It’s Coming!

Today was a good day. After months of research, hundreds of phone calls, countless visits to bike shops and pestering friends with knowledge far greater than mine, I’ve ordered up all the components of the bike.

Building a bike for such a long and demanding trip hasn’t been easy. There have been a lot of different things to consider for each and every component of the bike. First, it had to be strong enough to withstand years of constant use over mixed and varied terrains. I’m under no illusion that things won’t get damaged over such a long trip but by equipping the bike with the best components within my budget from the start means I stand the best chance of minimising breakdowns.

It also had to be as lightweight as possible, the less weight, the easier the trip is going to be. This rule has also been applied to all of the kit I’m going to need for the trip, from my camping gear to my clothing. Combining lightweight with strength has been hard and compromises have had to be made in some areas but I think I’ve got the balance about right. Take the rear pannier rack, for example, I could have got one a lot lighter than I choose but whether it would have held up to the weight of the kit being placed on it was doubtful. Better to go slightly heavier and stand a better chance of avoiding breakages.
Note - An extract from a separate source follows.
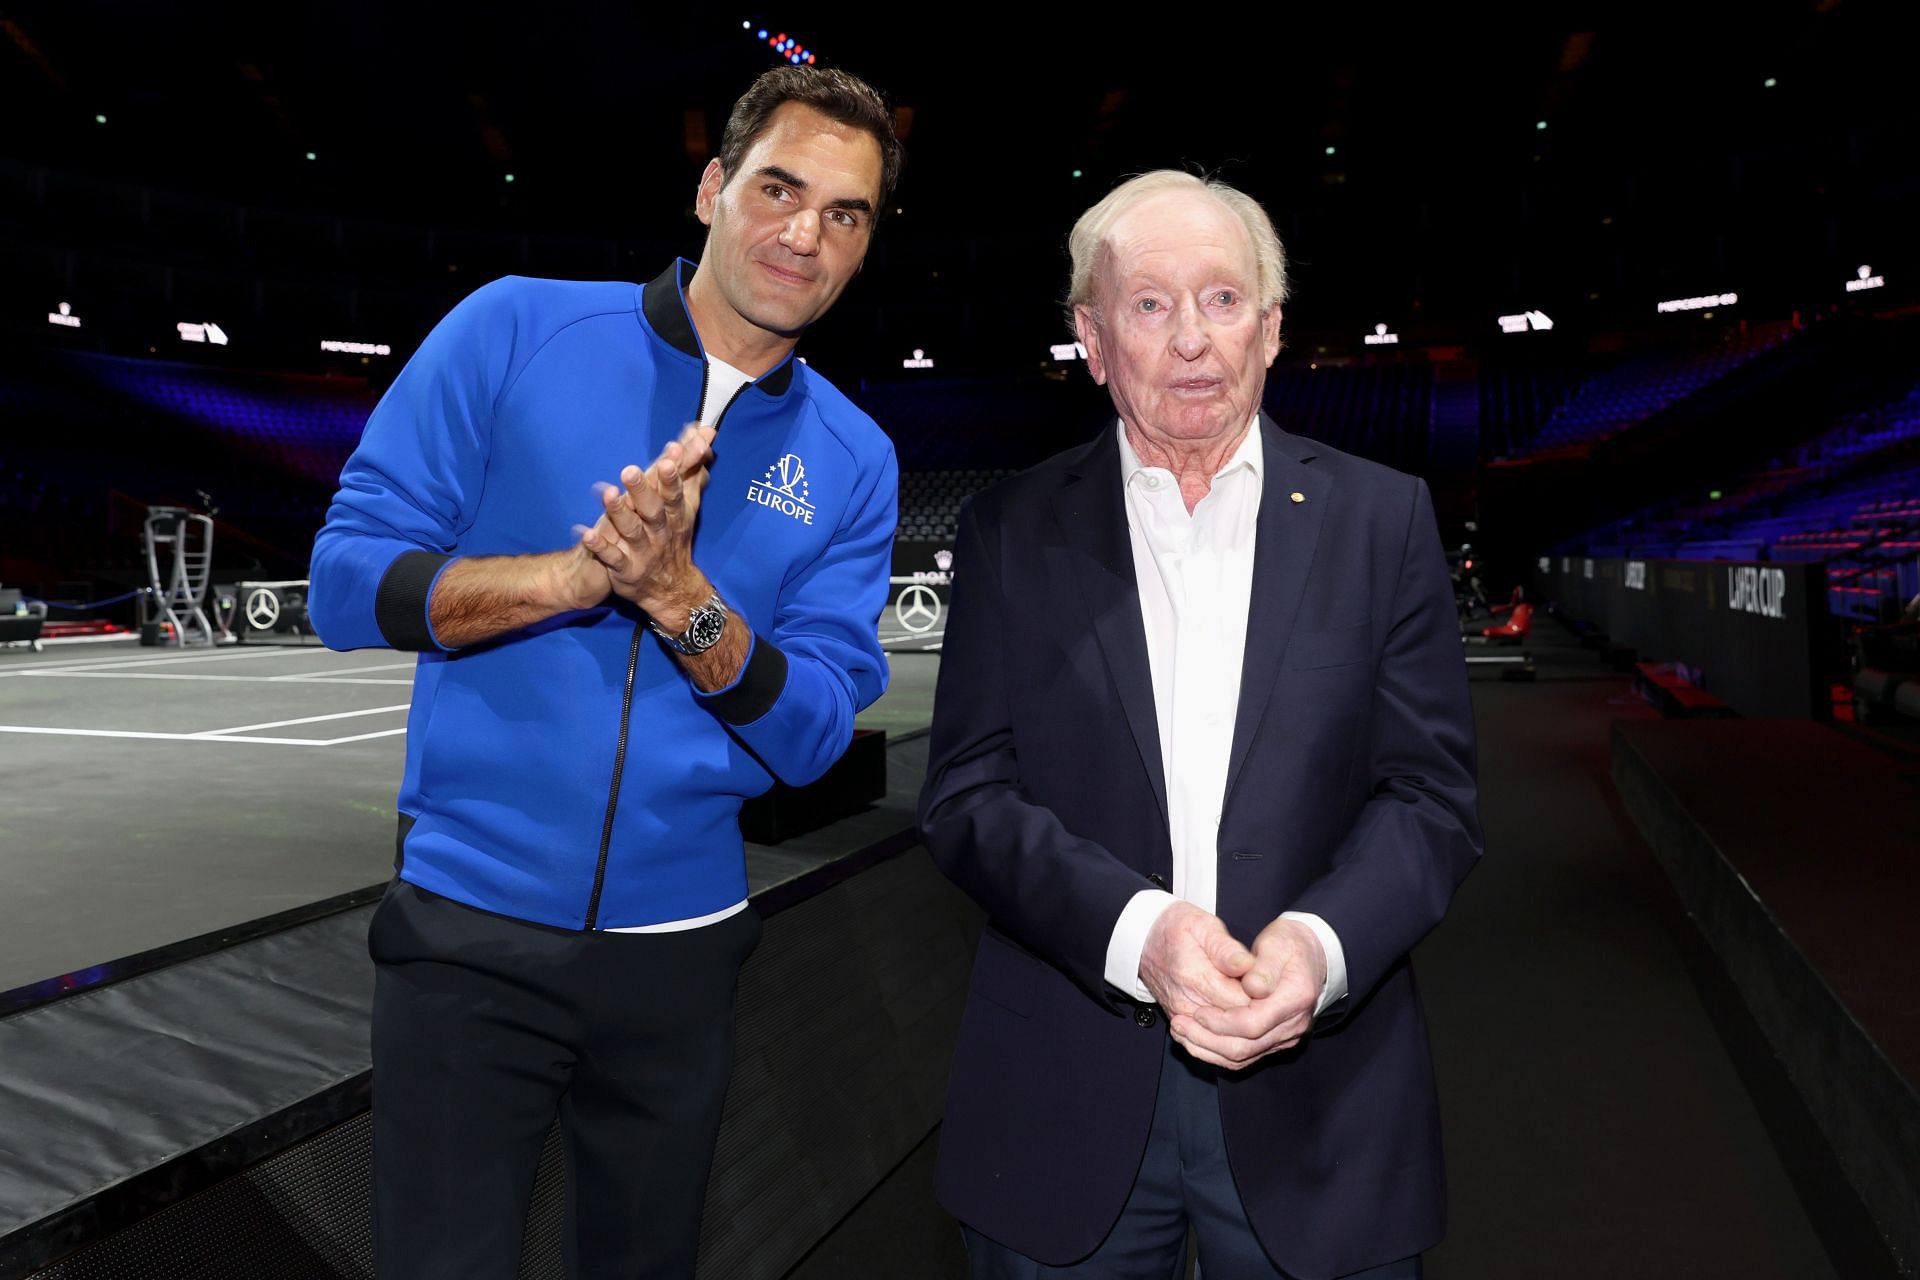 Roger Federer with Rod Laver at the 2022 Laver Cup. (Pic - Getty Images)

I also had to consider what would happen if things did break. I needed to know that, wherever I was on the trip, I stood a good chance of either being able to fix it or finding spare parts. The wheels I choose are a good example of this. Most off-the-shelf touring bikes in the UK come with a wheel size of 700cc but I would really struggle to find replacement tyres, wheels, or inner tubes to fit these outside of Europe and North America. For the most part, the rest of the world uses 26″ wheels so by fitting these, it’ll be far easier for me to find replacements anywhere on the trip. Same goes for the brakes. Disc brakes may give better performance and last longer than traditional v-brakes but just try finding a replacement set of discs in half of the countries I’ll be going through; you just won’t.

From the frame to the gear levers, every single component has taken hours of research until I’m confident that not only will everything fit together, but it will also be up to the abuse of long-distance touring. You can read more about each of the components and see exactly what I chose, along with the overall cost of the bike, by visiting the kit page above.

Now then, where has that postman got to?